Records for processing >>
_ _ _
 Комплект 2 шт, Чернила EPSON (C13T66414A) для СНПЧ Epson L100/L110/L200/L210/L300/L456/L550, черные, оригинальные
_ _ _
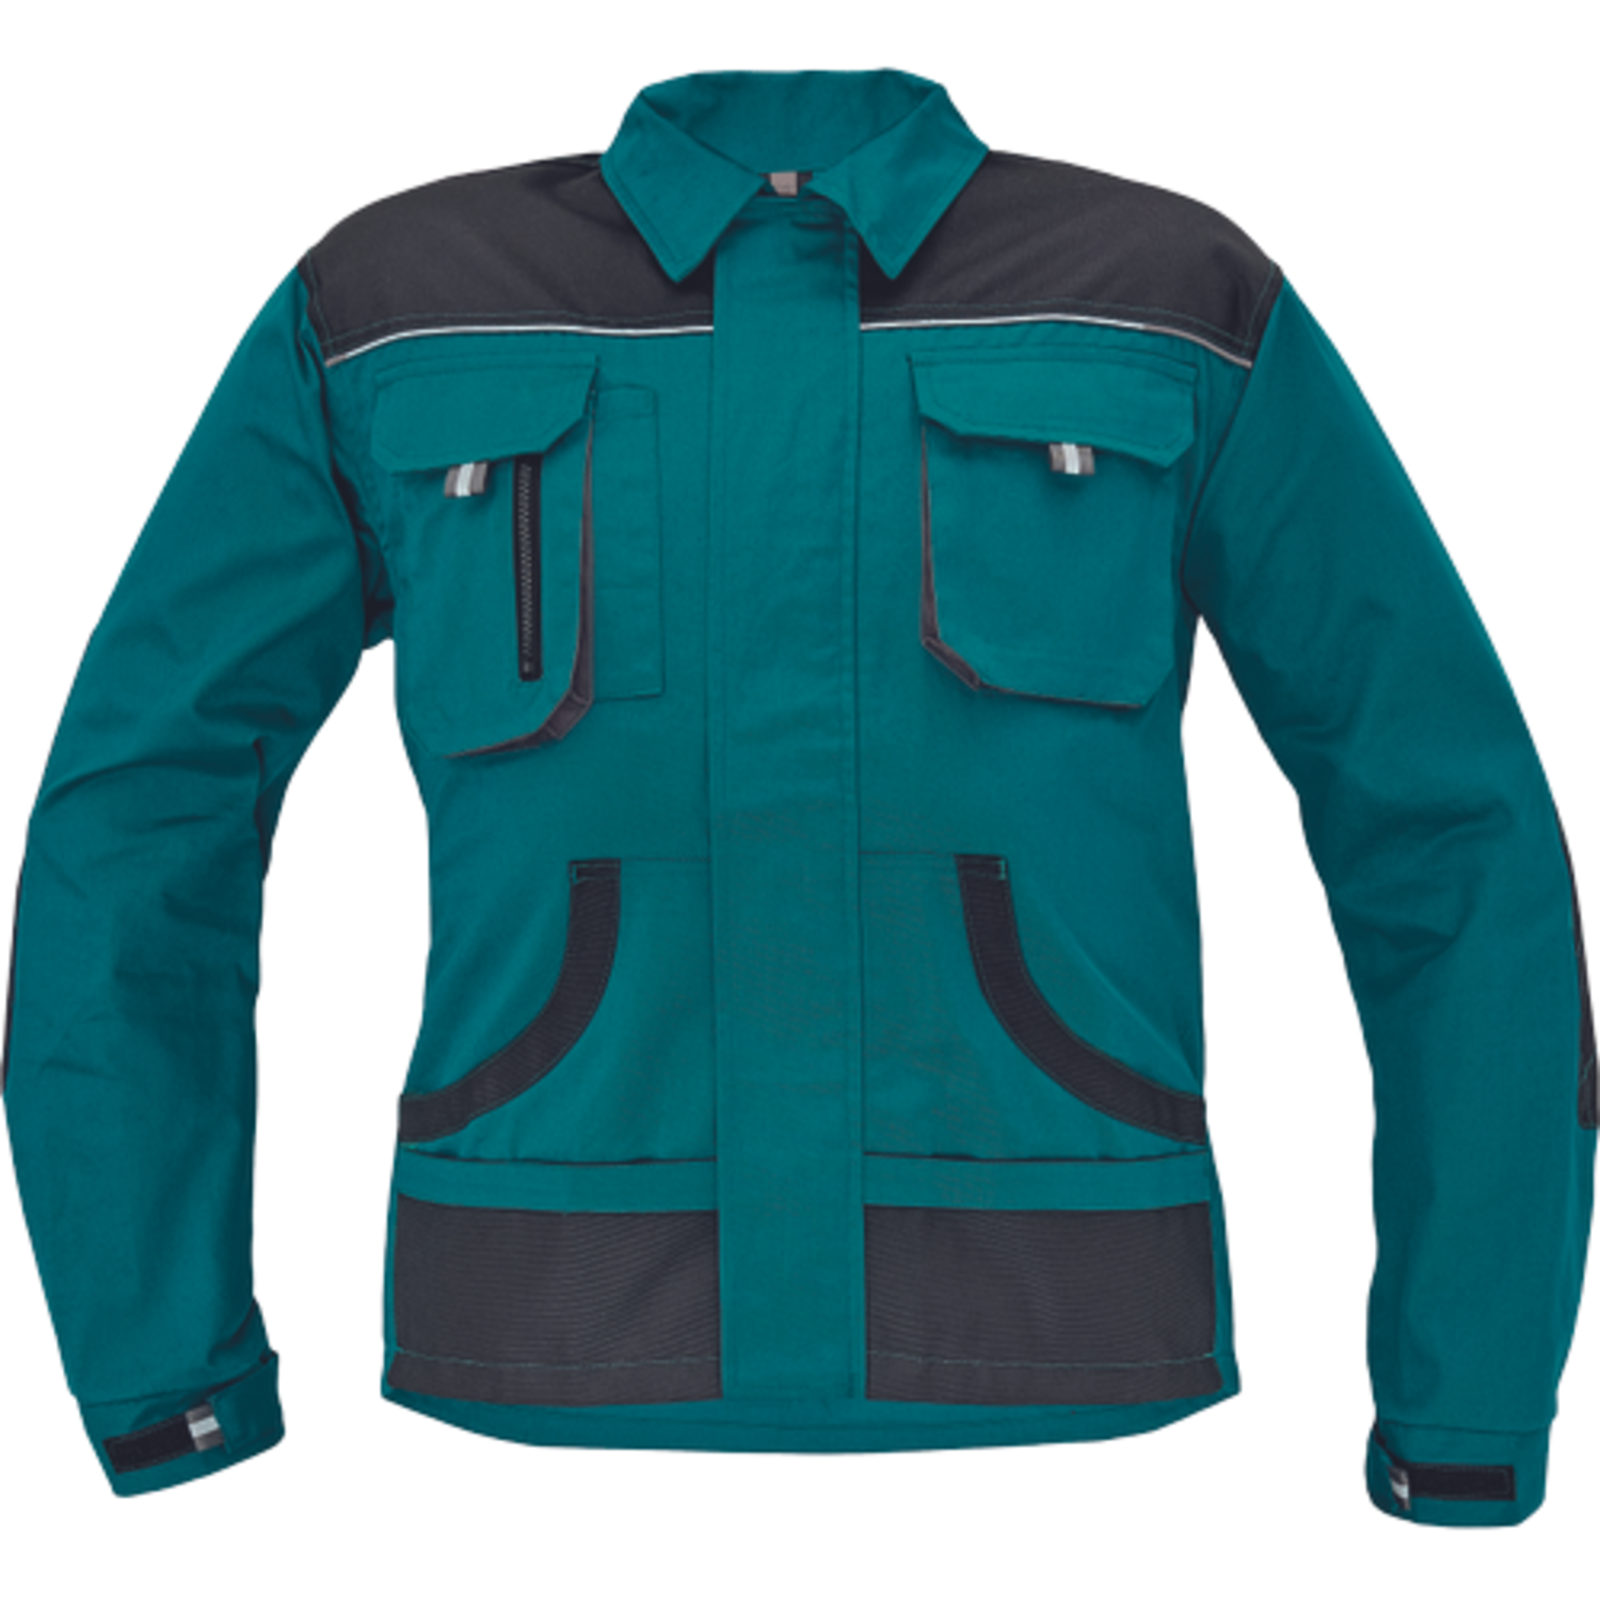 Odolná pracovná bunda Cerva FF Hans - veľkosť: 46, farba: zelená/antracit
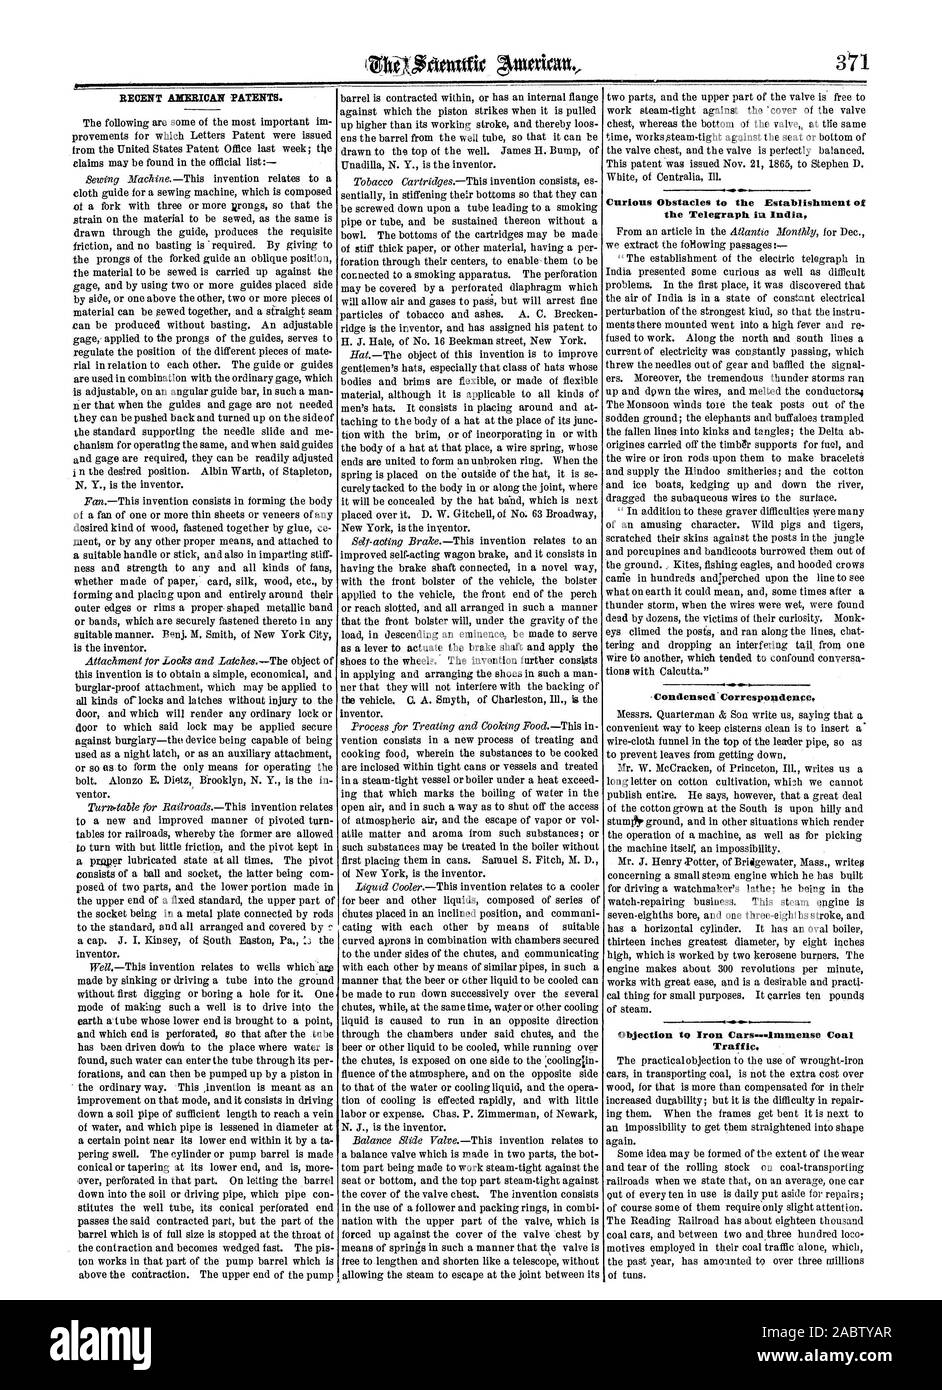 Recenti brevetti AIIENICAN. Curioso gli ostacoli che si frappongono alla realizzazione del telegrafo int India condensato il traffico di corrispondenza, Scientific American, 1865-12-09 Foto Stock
_ _ _
Activity >>
Reproduce word for word, with pictures dropped, only the part of the material above that opens with the line containing "Odolná pracovná bunda" and closes with the line containing "Recenti brevetti AIIENICAN.".

Answer to the exercise >>
 Odolná pracovná bunda Cerva FF Hans - veľkosť: 46, farba: zelená/antracit
 Recenti brevetti AIIENICAN. Curioso gli ostacoli che si frappongono alla realizzazione del telegrafo int India condensato il traffico di corrispondenza, Scientific American, 1865-12-09 Foto Stock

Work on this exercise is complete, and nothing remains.